Более ужасной минуты в жизни у Пола не было. Ему казалось, что сейчас на него бросятся и разорвут на куски. Почему они постятся? О каких грехах идет речь? Какое он к этому имеет отношение?

Но никто не бросился, все приступили к еде, и над столами опустилась привычная непробиваемая тишина.

И только Пол не притронулся к обеду, а так и продолжал молча сидеть, ни на кого не глядя.

Но надо было что-то делать: или взять вилку, или под каким-либо предлогом выйти, иначе не миновать язвительных реплик, типа: смотрите, Пол тоже решил устроить пост; грешил, наверное, много.

Выйдя в коридор, он постоял в раздумье – идти в свою комнату за пальто или бежать в одной рубашке? Решил пальто не брать. Прошел мимо привратника, медленно пересек парк, миновал охранника у ворот, оказался на городской улице – почему-то все двери и ворота оказались открытыми.

Не спеша дошел до первого переулка, повернул за угол – и побежал.

Бежал он без перерыва два часа. В ушах звучала, подгоняя его, фраза: "Вот ты кушаешь, а твои не едят".

В Детройте шел мелкий осенний дождь, утренние улицы пахли прелыми листьями. А он бежал и бежал, не чувствуя усталости, будто спасался от чего-то постыдного, совершенного им вопреки обещанию, данному родителям, – или нет, даже не родителям, а какому-то смутному образу, стоящему над всем этим миром с его дурацкими декорациями: мокрым тротуаром, низким небом, рыбой на завтрак...

Близких родственников у него не было, отец жил в далеком пригороде, о матери он даже не вспомнил. А тут бежал, будто знал, что бежит в правильном направлении, ни разу не задумавшись, куда собственно боится опоздать.

Остановился, когда уже не было сил продолжать бег.
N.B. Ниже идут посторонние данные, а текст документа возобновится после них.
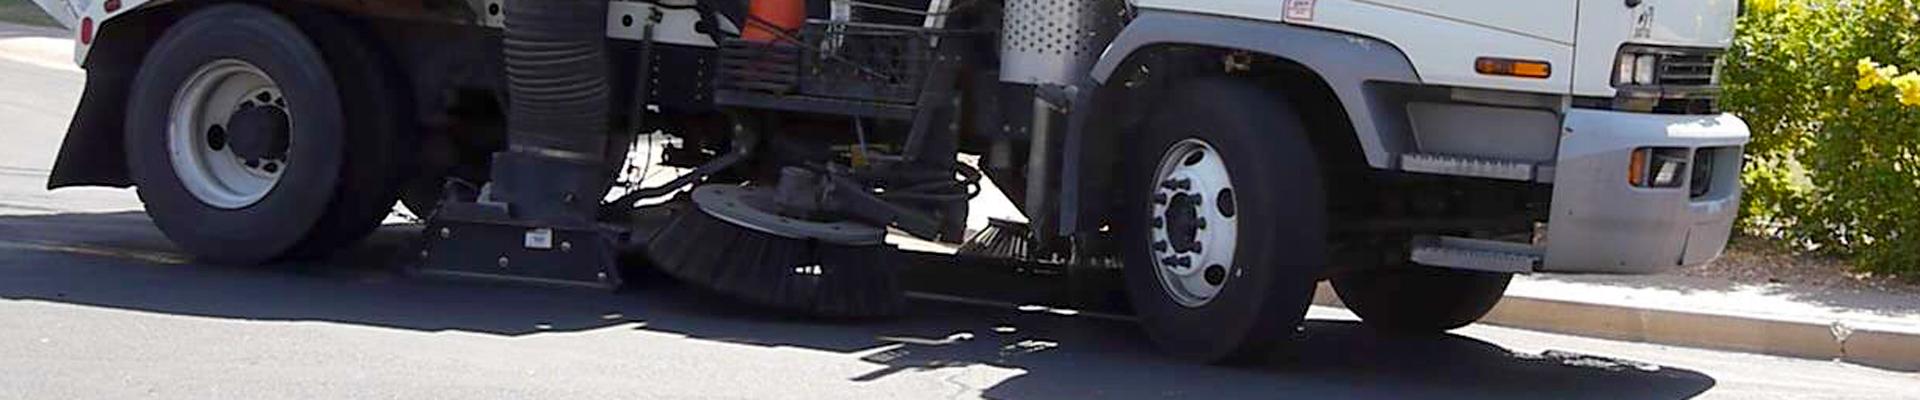 street-sweeping

Остановился от мысли: куда я бегу?

Куда я бегу, если убежать надо так, чтобы никогда не возвращаться? Он даже не знал, где тут, собственно, еврейский район. Слово "синагога" возникло в памяти тоже не сразу. Постоял, глотая воздух, и спросил у первого прохожего: где здесь синагога?

Сомнения не была, что та находится рядом. Прохожий показал на здание, у которого он остановился. В жизни бывают чудеса, на которые даже не обращаешь внимания, ибо некогда.
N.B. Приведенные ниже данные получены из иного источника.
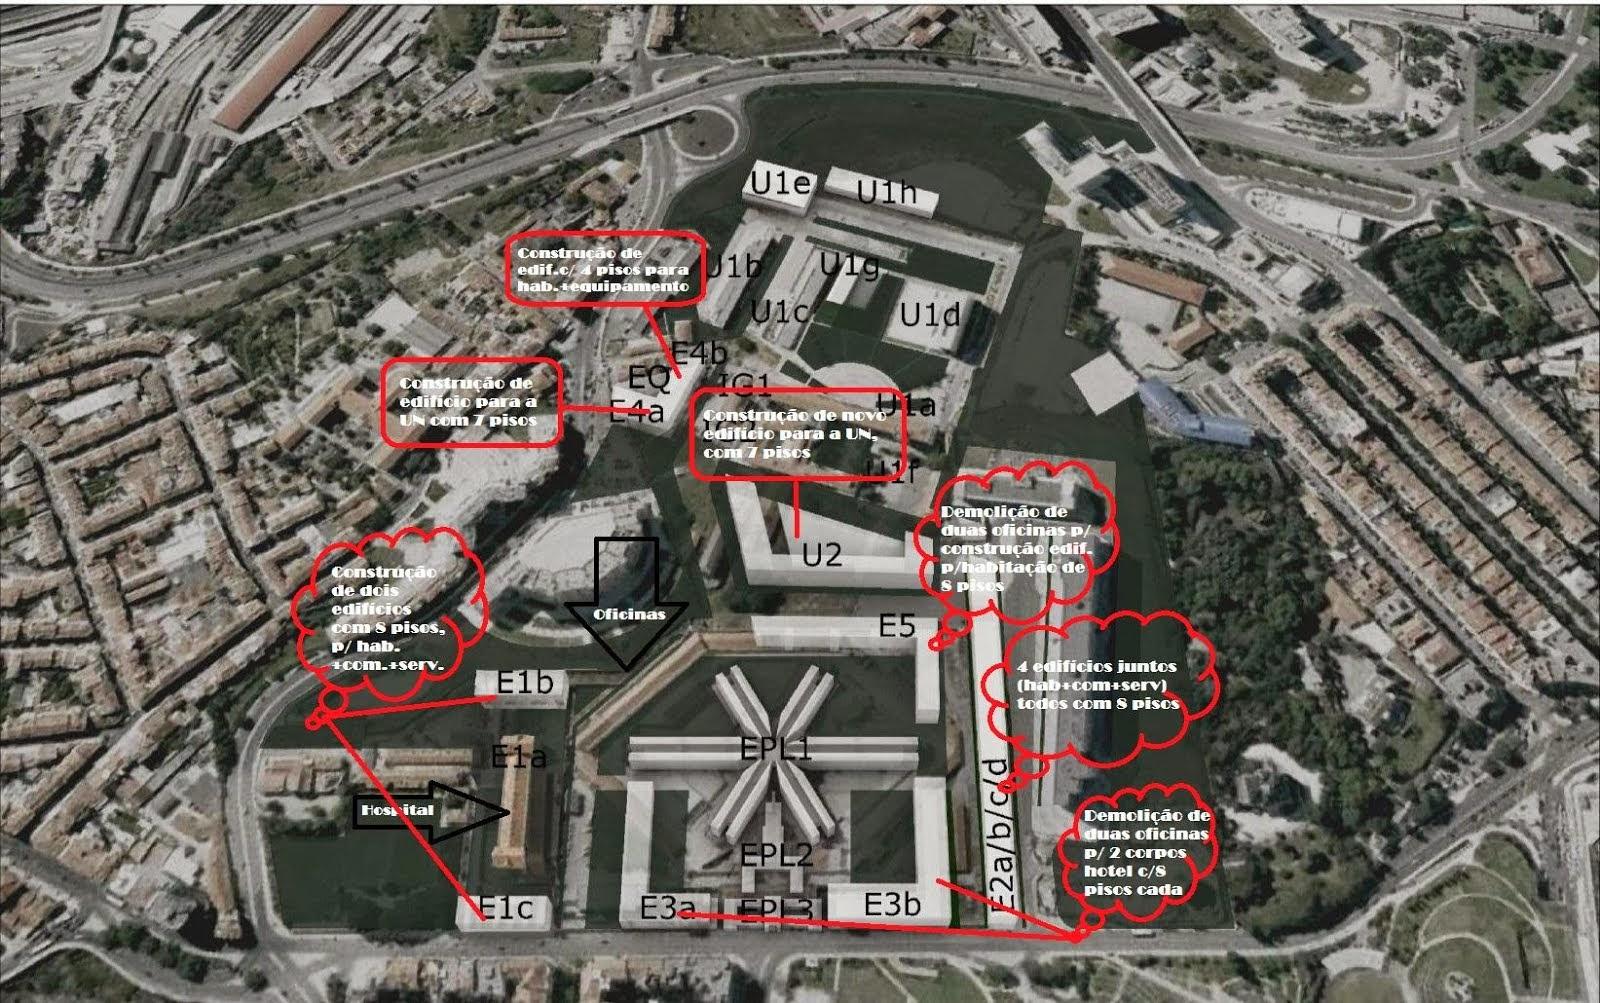 Contributo p/a discussão pública PP Campus Campolide

Так или иначе, Пол решительно вошел и, не стесняясь своего громкого дыхания, сел в задних рядах.

Люди молились, а он, не знавший молитв, сидел, слушал их напевы, – и медленно оставляла его сердца давняя тяжесть.
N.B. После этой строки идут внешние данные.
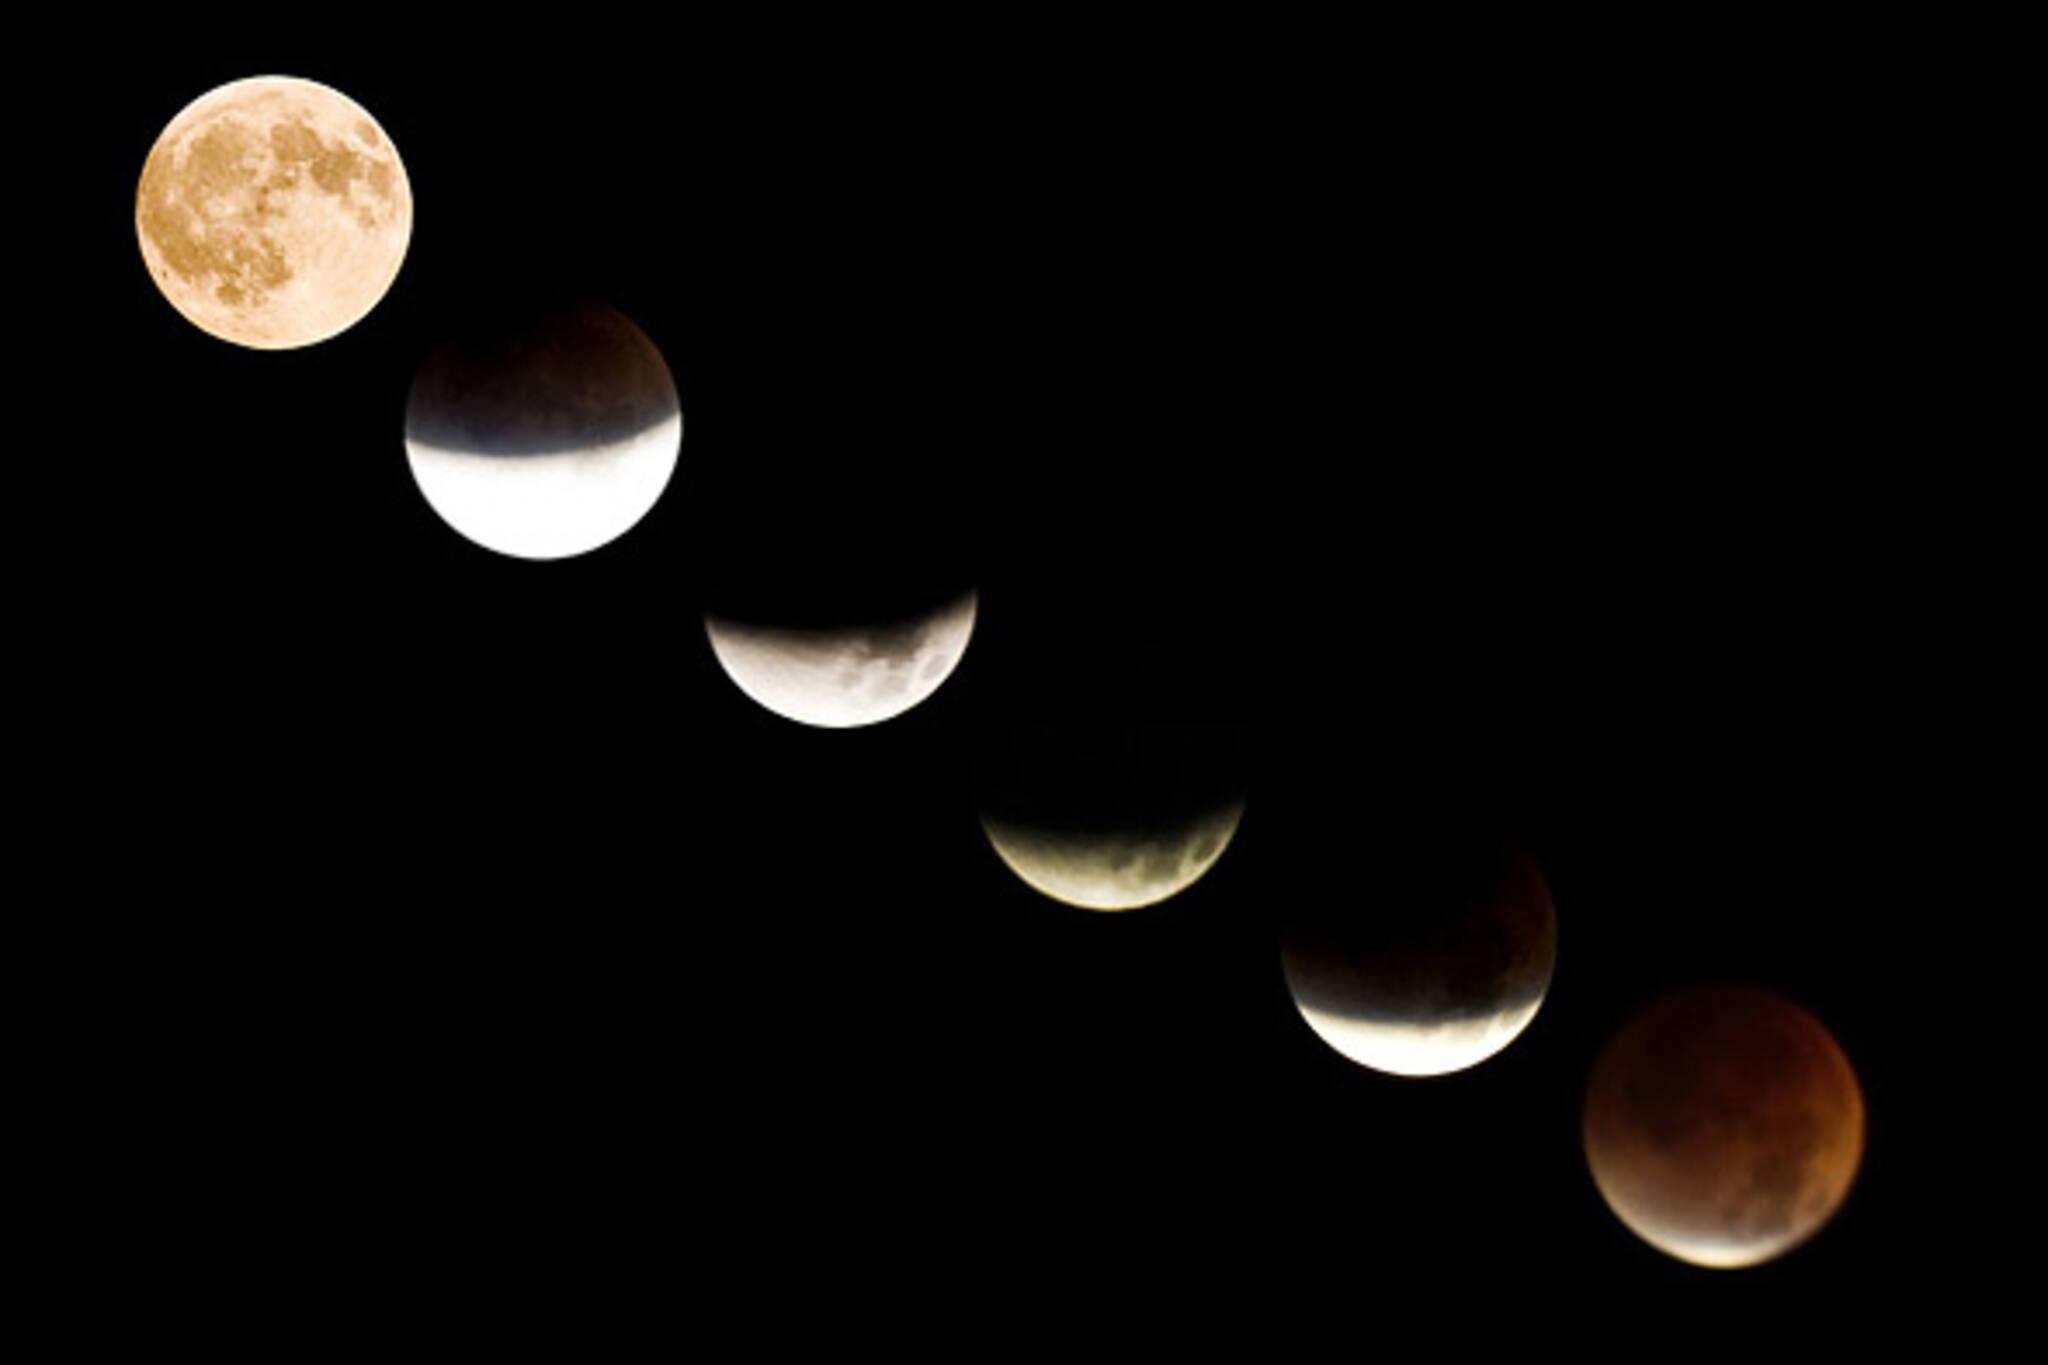 20070828_luna2.jpg

Одну только фразу и сказал про себя: "Смотри, я тоже не ем – вместе со своими". Сказал, словно к небесам обратился.

Потом его подвели к раву Койфману, тот взял ребенка к себе, утром связался с отцом. Когда отец приехал, все было четко и быстро обсуждено: через какого адвоката делать запрос в суд о пересмотре дела и т.д. Одним словом, мальчик остался со своими.

Теперь, спустя ровно сорок лет, Пол, отец большой семьи, живущей в Бней-Браке, почти без боли говорит о тех событиях. А сначала было страшно. Особенно болезненно вспоминалась фраза монахини: "Вот ты сегодня кушаешь, а твои не едят". Будто его при всех отхлестали по щекам.

Хотя, если подумать, что в той фразе обидного?